What is Big Data? According to Wikipedia, “The term ‘Big Data’ (abbreviated as B.D) is a phrase referring to data processing and statistical analysis driven by technological growth or market evolution.” It was defined in the November 1997 paper by Raja D. Gopalakrishnan and Youssef El Ghouli, “A revolution in Information Technology and its impact on business and trade.”
Gopalakrishnan and El Ghouli first used the term ‘big data’ in a scientific paper published in Science Reviews in July 1997. The paper, “Spatio-Temporal Analysis and Its Application to Biostatistics,” described a new methodology for managing and analyzing big data. The methodology combined two main ideas: sampling techniques that were new at the time and velocity methods that had only recently been developed by applied behavioural scientists.
They showed how using both these new techniques, along with a specialised software package called the Temporal Clustering Algorithm (TCA), they could analyse high-velocity, high-volume (HVMM) enterprise database records and produce reliable, accurate results quickly. The paper was entitled, “computational analysis of large quantitative databases: spatio-temporal dynamics and velocity estimation.”
Gopalakrishnan and El Ghouli did not discuss the application of their techniques to real-time applications, but they did discuss how the Temporal Clustering Algorithm and their specially designed software tool can be used to exploit existing big data sources. For example, they said that the US Department of Defense should be able to obtain operational, action-planning data quickly and easily. How is this done? The software tool would be able to analyse data sources, such as videos of military actions being taken by troops in Afghanistan, from a variety of remote locations around the globe, at different times of day. It would allow analysts to determine patterns, link events and locations, evaluate them and create dashboards to provide crucial insights into how soldiers are operating in the field.
They also tackled another important problem faced by companies and organisations of all sizes everywhere, which was how to deal with huge amounts of unstructured, semi-structured or even blended big data. They said that the answer lies in adopting a multi-tiered approach to data management. For example, some sources of big data may need more manual tracking than others. This is why it is better to have a server-side processing model, where the data types are structured before being stored on the users’ machines. However, this is not always possible, so companies must then use what is called an extractor and indexing tool to extract the needed data types from the mediums chosen.

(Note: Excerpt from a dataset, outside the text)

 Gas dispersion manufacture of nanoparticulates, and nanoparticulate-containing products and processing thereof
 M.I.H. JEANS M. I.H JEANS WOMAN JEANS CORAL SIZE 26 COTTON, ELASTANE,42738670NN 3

Another issue that Gopalakrishnan and his team had to face was how to deal with big data that comes from unstructured sources. If the sources are not structured, the users will have a very hard time understanding the information, even if they can extract it in a manner that is acceptable. For instance, say a data set comes from a smartphone that has been captured with the user’s consent. Since the phone has the GPS chip, the device will present coordinates about its location, along with other data types that the user wants it to give up. In such a scenario, users will have a hard time using it to find relevant information.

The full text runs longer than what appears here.